Simcoe Composite School is a high school in Simcoe, Ontario, Canada.

More than 800 students attend this rural secondary school and courses range from English, French, Art,  Music, and Mathematics to Computer Sciences, Business, Athletics, Cosmetology, Tech, World History, Civics, and Drama class. In 2003, the school suffered the loss of their gym in an act of arson. Several years and many fundraisers later, the Sabredome was officially opened again in 2006. Megan Timpf, a representative for the 2008 Canadian softball team at the Olympic Games in Beijing attended this high school.

Other notable alumni include the late saxophonist Margo Davidson, one of the founding members of The Parachute Club, which achieved international success in the 1980s, and Rick Danko, the  bassist of The Band. Rob Blake, the former captain of the Los Angeles Kings of the NHL and Olympic Gold Medal winner for men's ice hockey, also attended Simcoe Composite School starting in 1983 and ending around 1987. Dr.
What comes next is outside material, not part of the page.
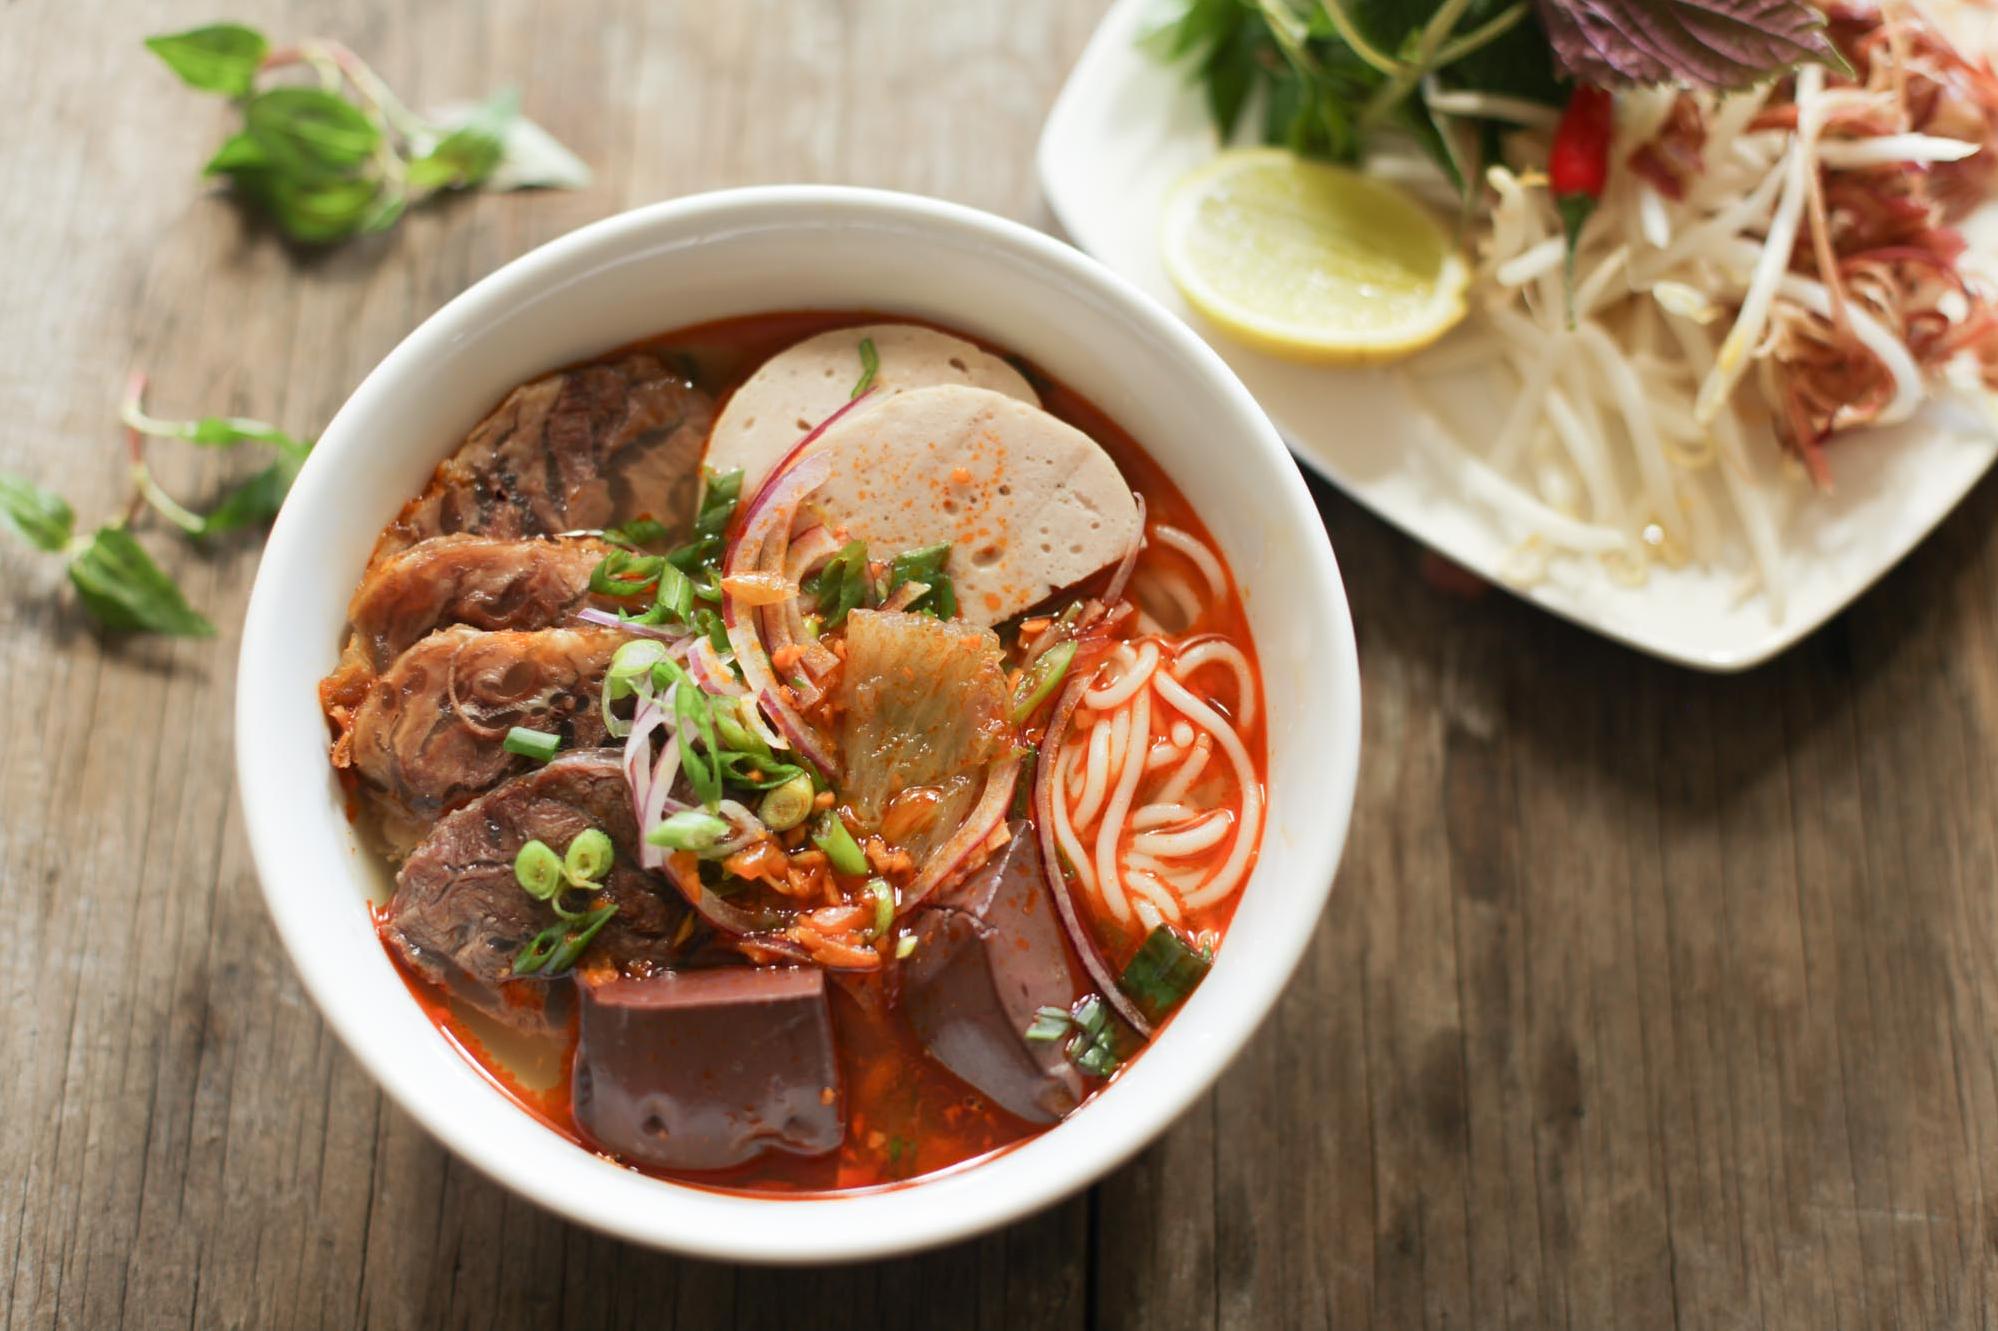  Add a pop of color and crunch with a side of fresh herbs to accompany your Bun Bo Hue.

Robert Gardner emigrated to this school from Glasgow, Scotland and graduated as a member of the Class of 1956.

Campus life

Bridge special needs program
There is also a special education program called Bridge that teaches mentally challenged children how to adapt to adult life in the community. People in the Bridge program range from 14 to 21 years of age and can range from high functioning to severely handicapped.

Athletics
Simcoe Composite School students participate in the follow sports on a high school level:
 basketball 
 football
 soccer 
 track and field 
 hockey  
 swimming
 cross country
 cheerleading (informally referred to as cheer)
 badminton 
 golf 
 tennis
volleyball

Simcoe Composite School has a football team, basketball team, a soccer team, and a hockey team that collectively use the school team name Sabres. The school's swimming team uses the school team name Sabrecuda which is said to be a cross between the conventional sabre and the barracuda.

Annual awards are given out for the best athletes in all the sports in the middle of June; as it represents the last week in the school year.

Future
While most other non-religious high schools will remain open in the foreseeable future, they will see more than 1000 empty seats in their classes by 2017. Everything from homeschooling to the rapidly aging local population to the increasing popularity of virtual high schools on the Internet has stunted the ability of the secular high schools to maintain full classrooms in recent years.

One of the solutions that could save Simcoe Composite School is to wait for the children in the elementary-grade French immersion classes to graduate into the secondary school system and turn most of the area high schools into "French-immersion" high schools. If all else fails and attendance continues to decline, another solution would be to close down this school and Waterford District High School in favor of a new secular high school spanning  somewhere in Norfolk County. Valley Heights Secondary School and Delhi District Secondary School would remain open as their enrolment numbers are still sufficient for their level of government funding.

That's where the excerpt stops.